In Montgomery County, Maryland, teens have found a new use for speed cameras--getting revenge on people they don't like or who have wronged them. Since the tickets from photo radar cameras are issued to the owners of the cars whose license plates are captured, they print out fake license plates on glossy photo paper, stick them over their own license plates, and then go out speeding.
This shows yet another flaw in the photo radar ticket process. I've speculated that registering your cars in the name of an LLC or trust is probably sufficient to make it difficult to assign individual responsibility to a speeding incident.
UPDATE (December 23, 2008): In Australia, an even more creative revenge against a mobile speed camera--have it issue tickets to itself! They could have just noted the plate number and followed the example of the Maryland teens, rather than stealing the actual plate... (Thanks, Adam, for the link.)
In the UK the police got round this by writing to the owner asking them to say who was driving. If they refuse then the owner gets the ticket personally. In the case of a company the company secretary would get the ticket.

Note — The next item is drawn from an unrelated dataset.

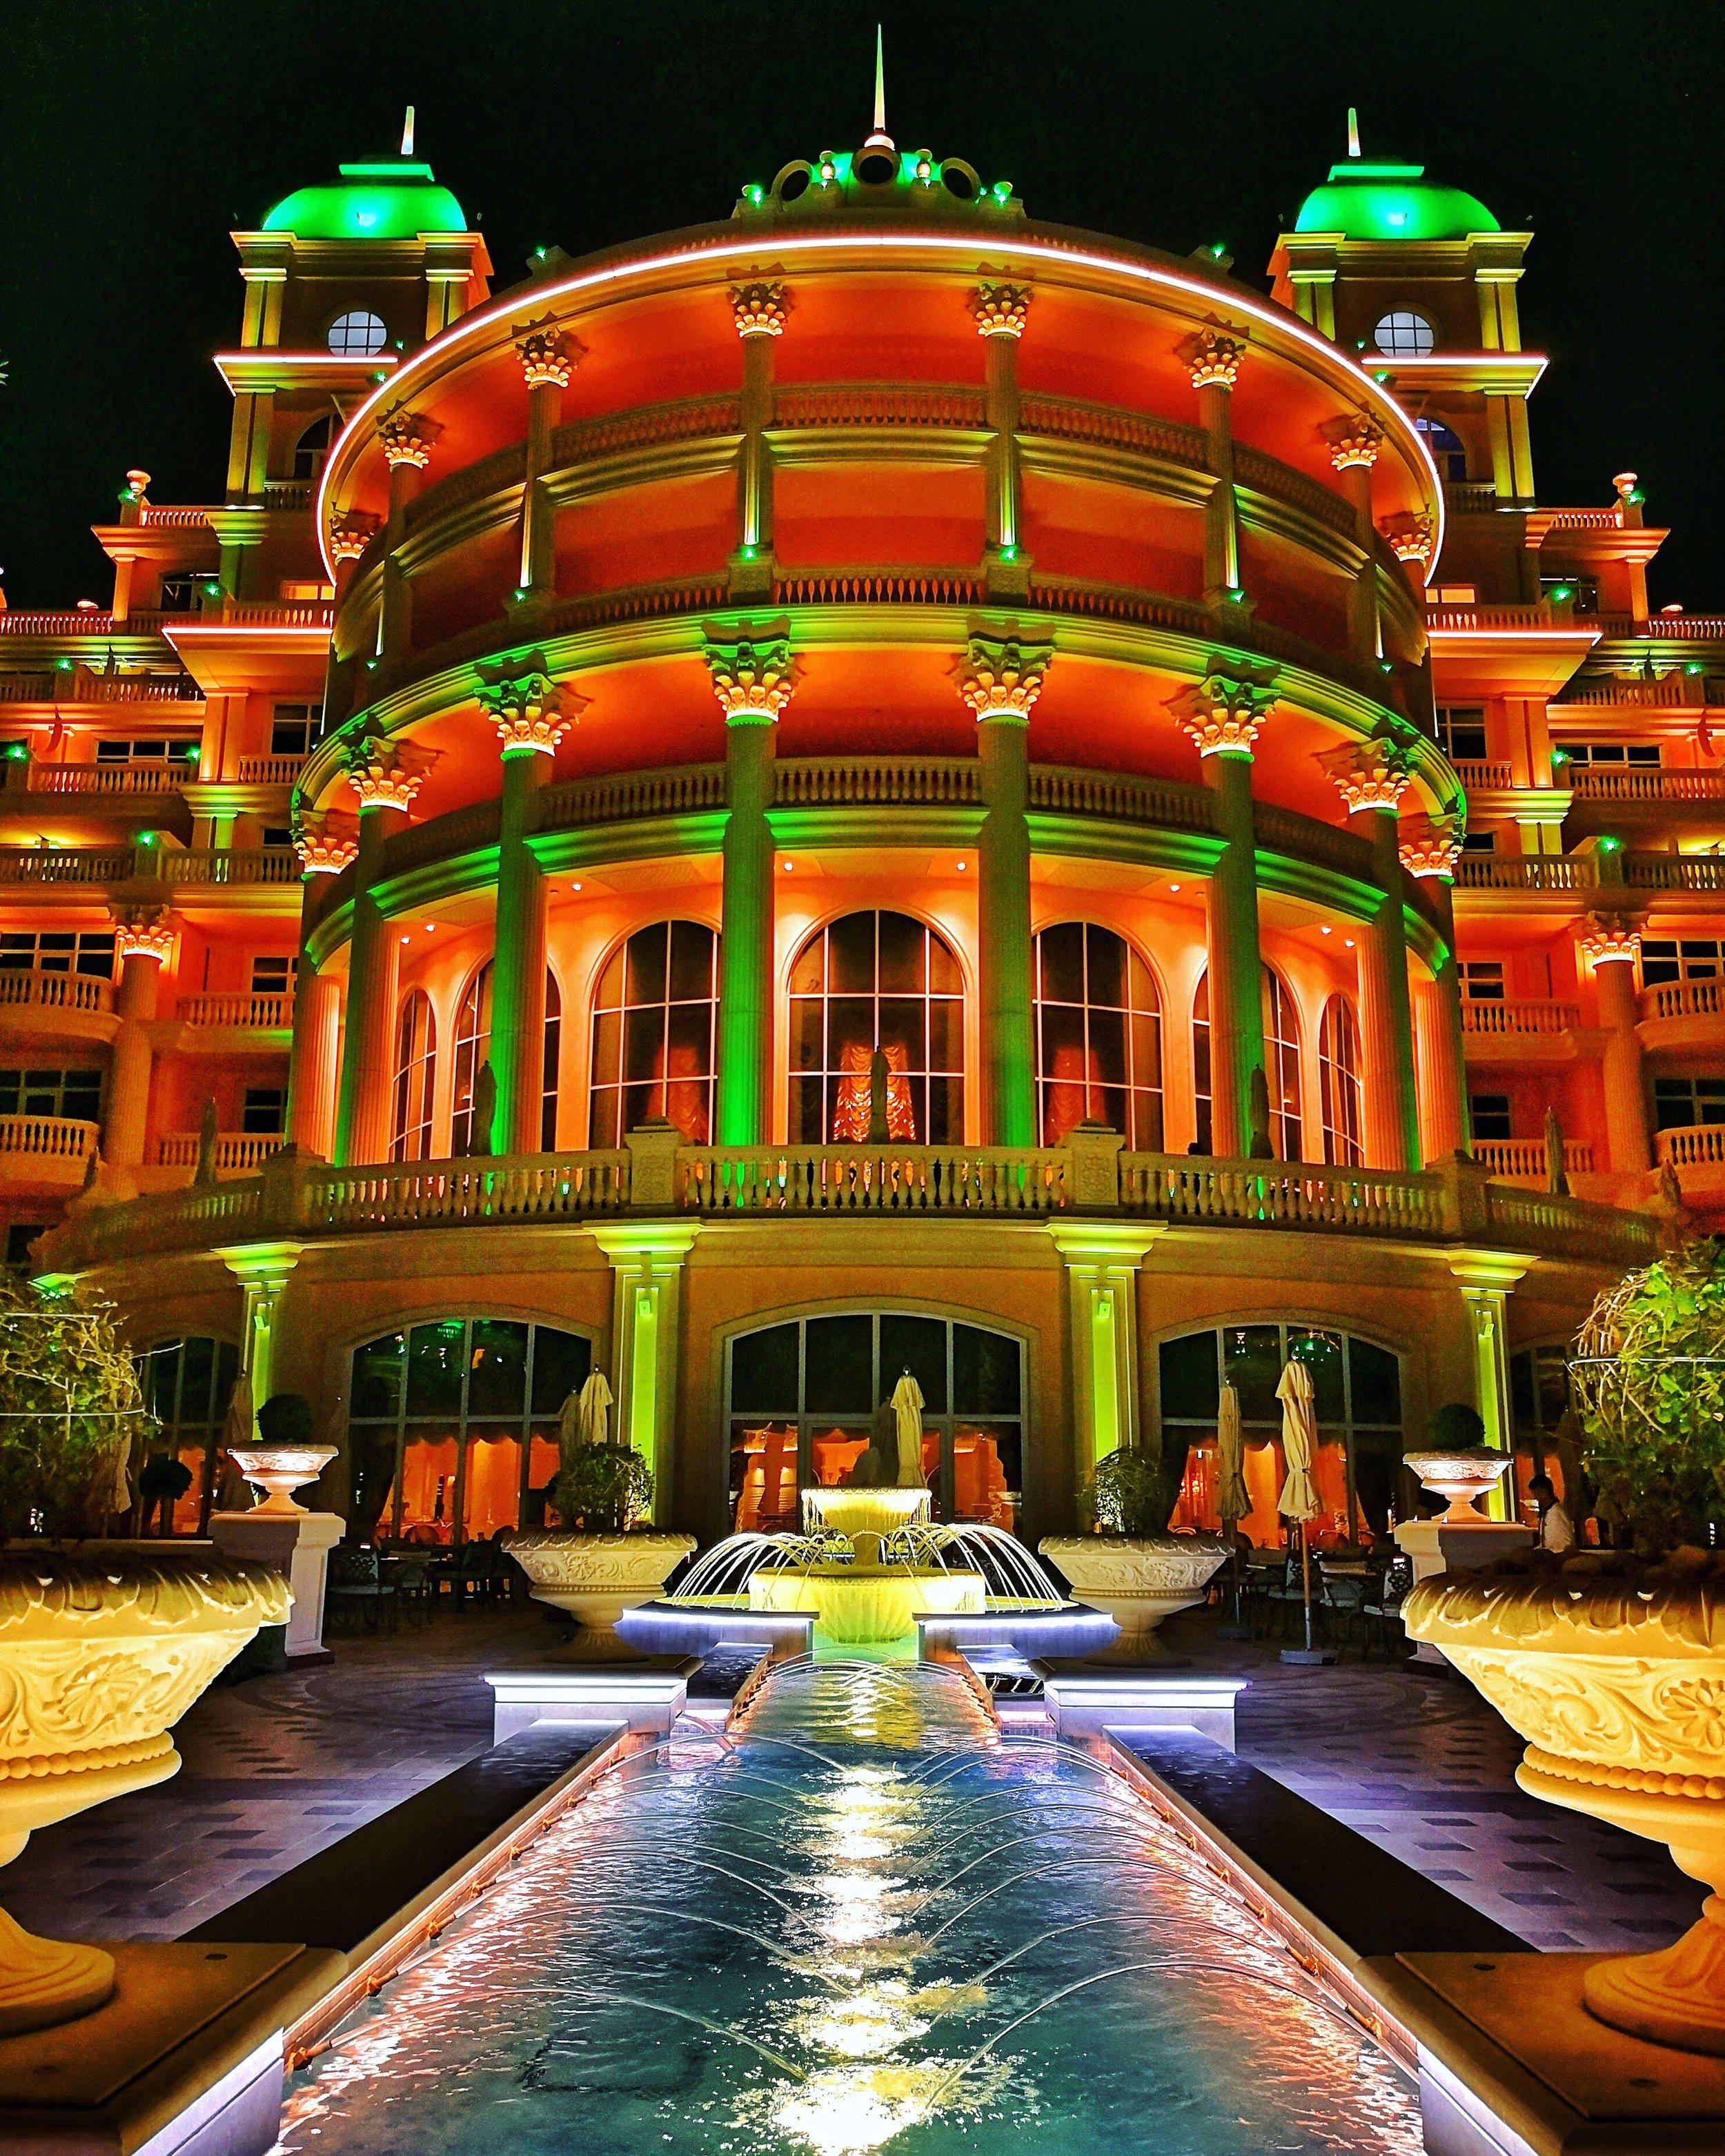 Emerald Palace Kempinski - Stunning By Day, Astonishing By Night.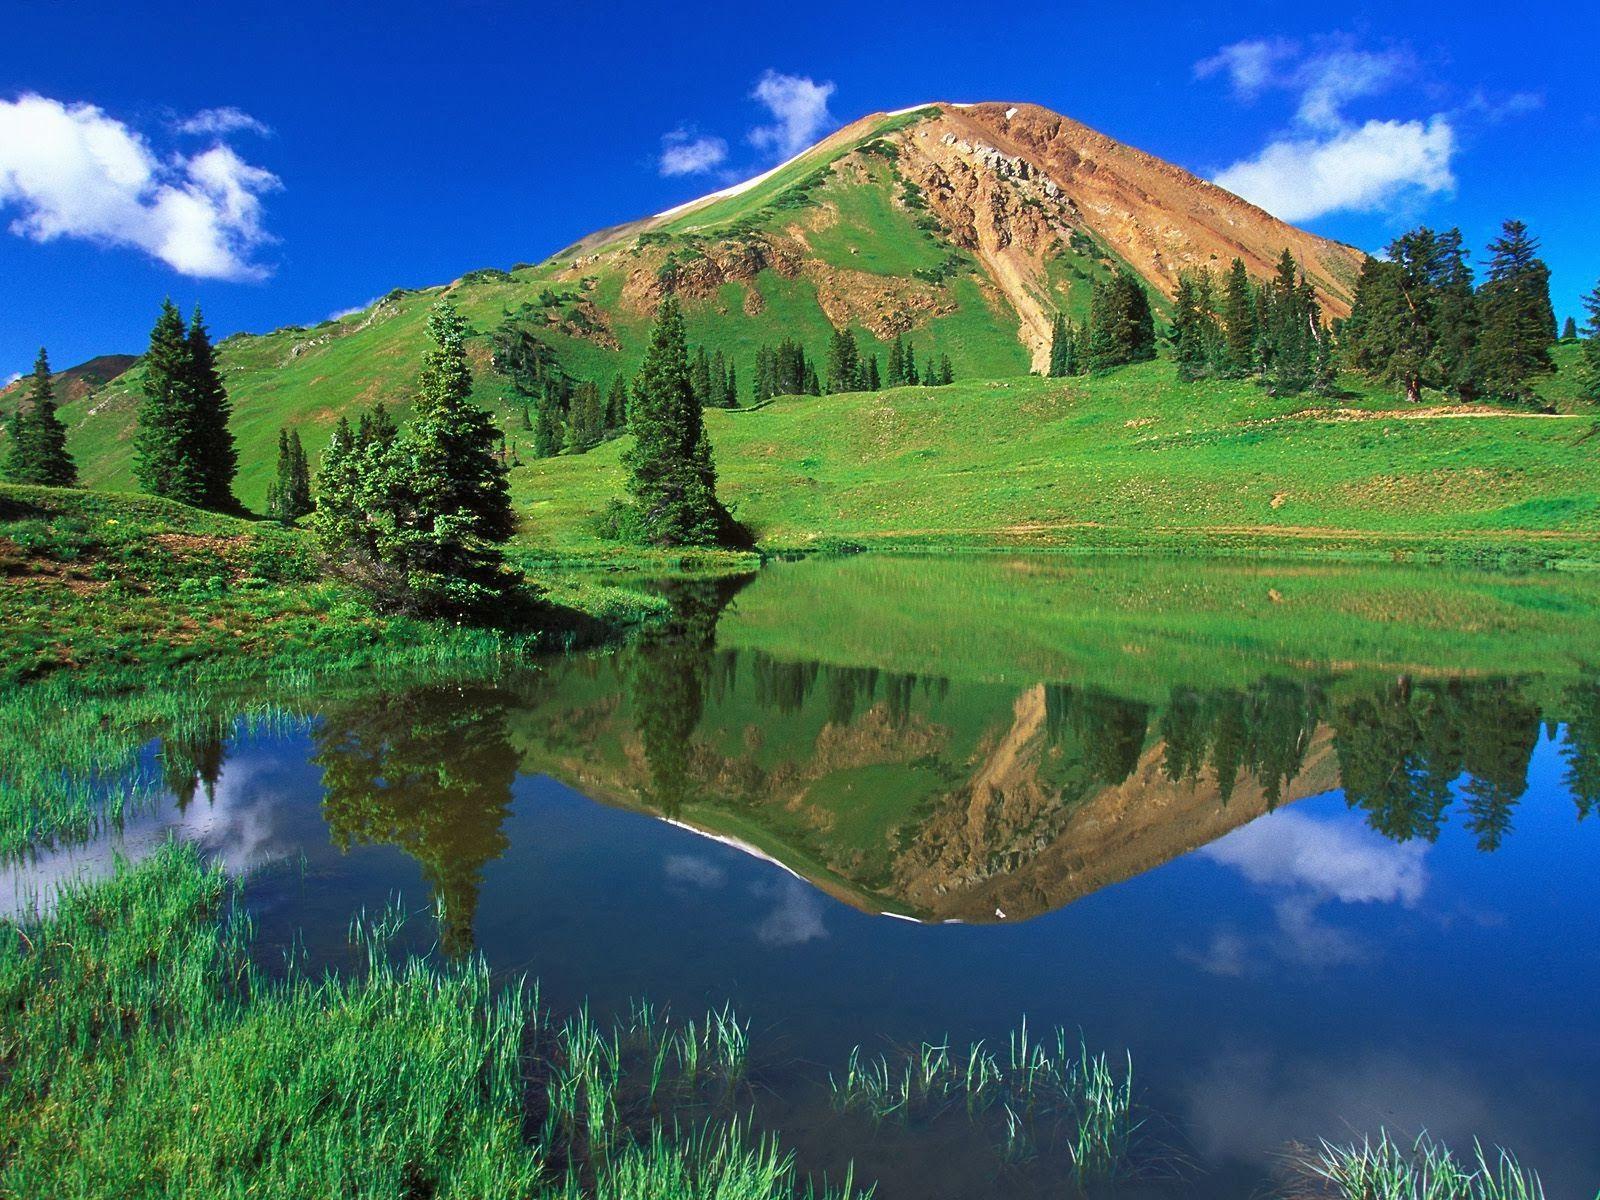 اجمل صور مناظر طبيعية Natural Landmarks Landmarks Nature

There is no escape.
ReplyDeleteThat could potentially work here for civil violations, but would require legislation to enact that kind of liability.
ReplyDeleteI don't think it could work for criminal violations (in Arizona, speeding 20 mph or more over the limit is a criminal violation). If you didn't actually engage in the crime, you can't be held liable, and the government has the burden of proof beyond reasonable doubt.
If civil fines become transferable here as in the UK then I think we'll see a large increase in people having their friends drive >20MPH over the speed limits. I assume, of course, that criminal charges won't become similarly transferable, though who knows?